Proceedings of the National Academy of Sciences of the United States of America 2013 v.110 no.28 pp. E2582
angiogenesis, autophagy, endothelial cells, gene expression, membrane potential, mitochondrial membrane, proteoglycans, tumor suppressor genes, vascular endothelial growth factor receptor-2, vascular endothelial growth factors
Soluble decorin affects the biology of several receptor tyrosine kinases by triggering receptor internalization and degradation. We found that decorin induced paternally expressed gene 3 (Peg3), an imprinted tumor suppressor gene, and that Peg3 relocated into autophagosomes labeled by Beclin 1 and microtubule-associated light chain 3. Decorin evoked Peg3-dependent autophagy in both microvascular and macrovascular endothelial cells leading to suppression of angiogenesis.
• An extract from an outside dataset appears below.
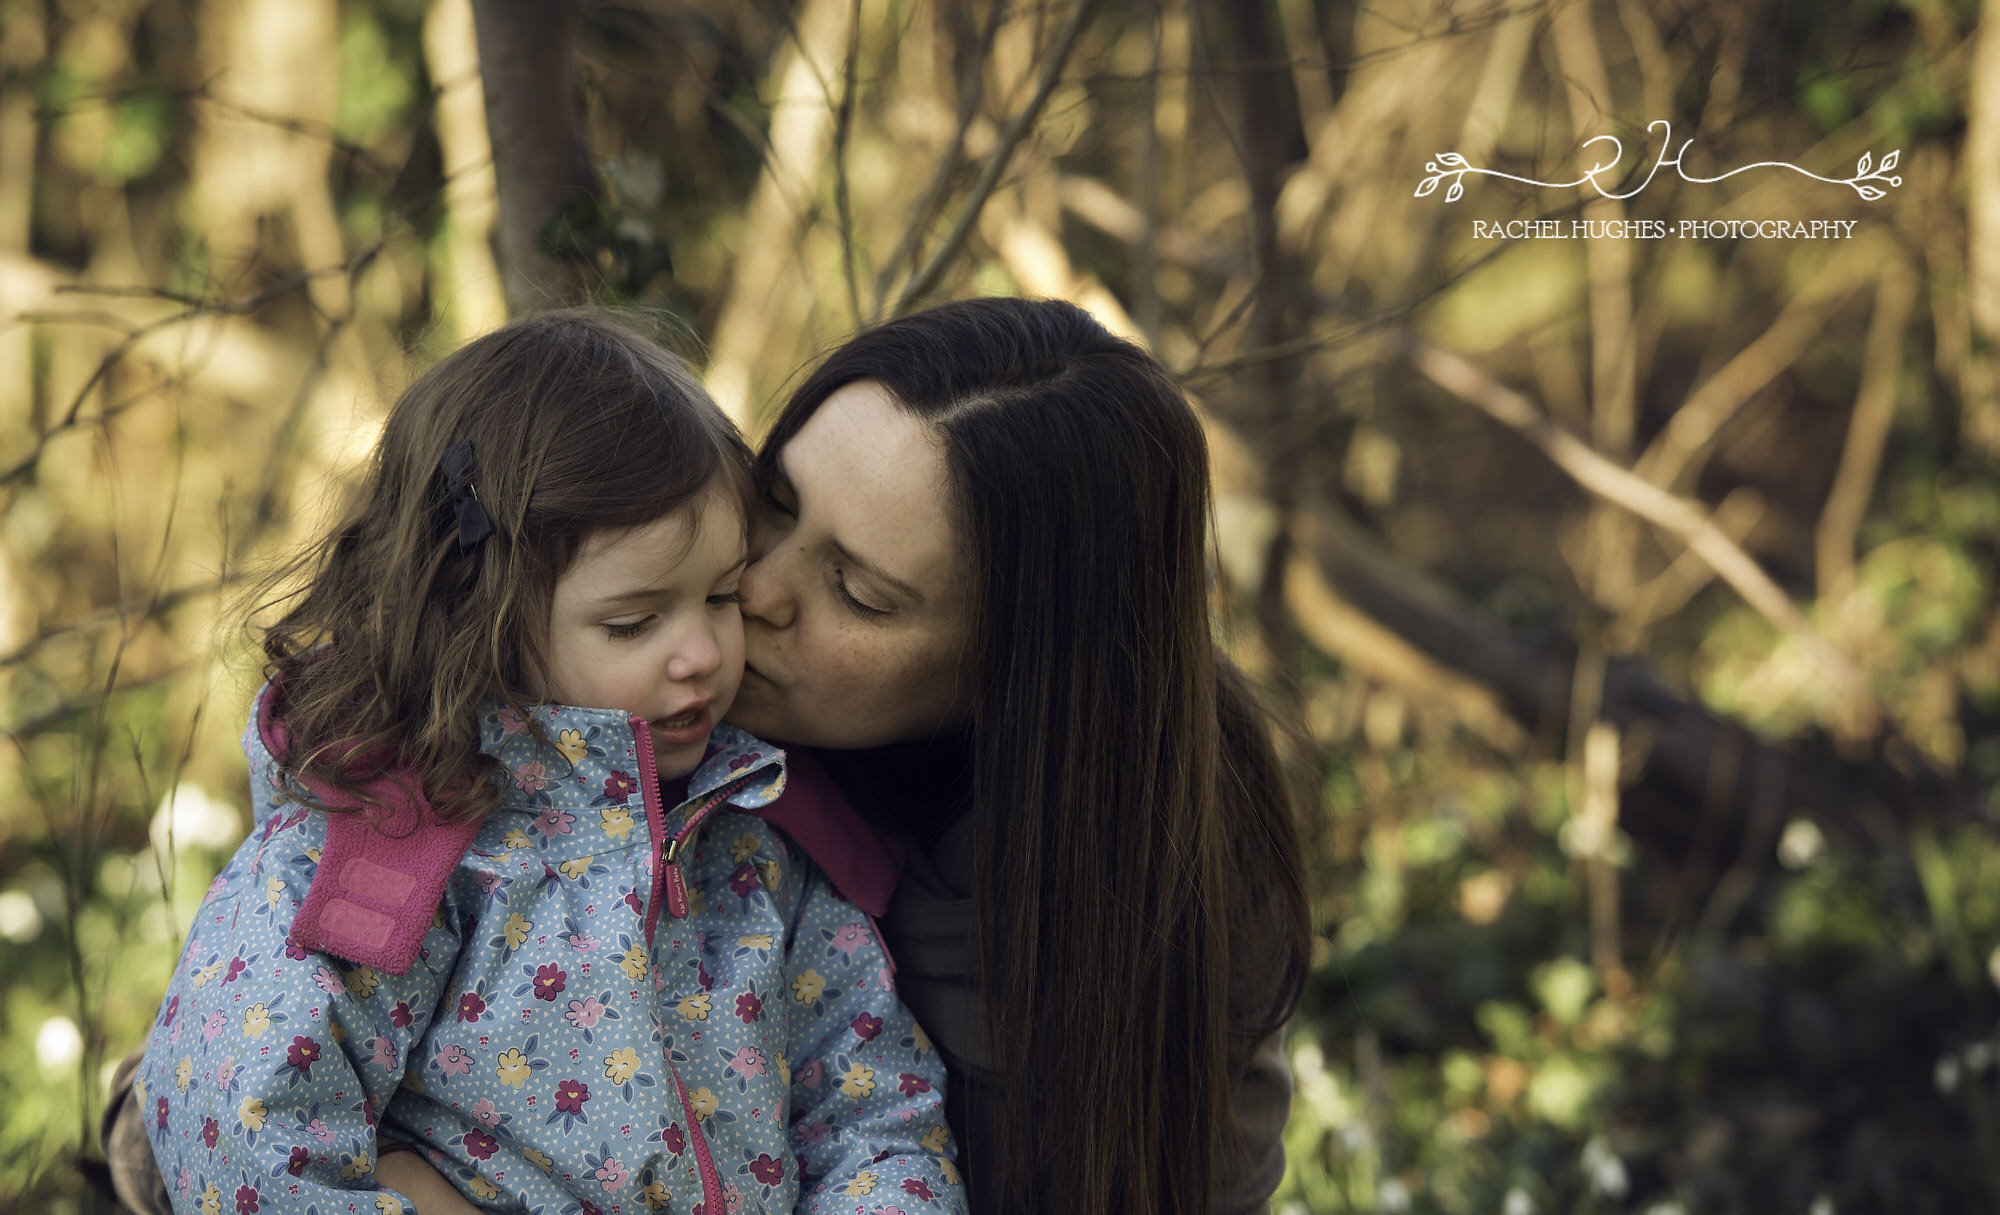 Mummy and Me photoshoot

Peg3 coimmunoprecipitated with Beclin 1 and LC3 and was required for maintaining basal levels of Beclin 1. Decorin, via Peg3, induced transcription of Beclin 1 and microtubule-associated protein 1 light chain 3 alpha genes, thereby leading to a protracted autophagic program. Mechanistically, decorin interacted with VEGF receptor 2 (VEGFR2) in a region overlapping with its natural ligand VEGFA, and VEGFR2 was required for decorin-evoked Beclin 1 and microtubule-associated protein 1 light chain 3 alpha expression as well as for Peg3 induction in endothelial cells. Moreover, decorin induced VEGFR2-dependent mitochondrial fragmentation and loss of mitochondrial membrane potential. Thus, we have unveiled a mechanism for a secreted proteoglycan in inducing Peg3, a master regulator of macroautophagy in endothelial cells.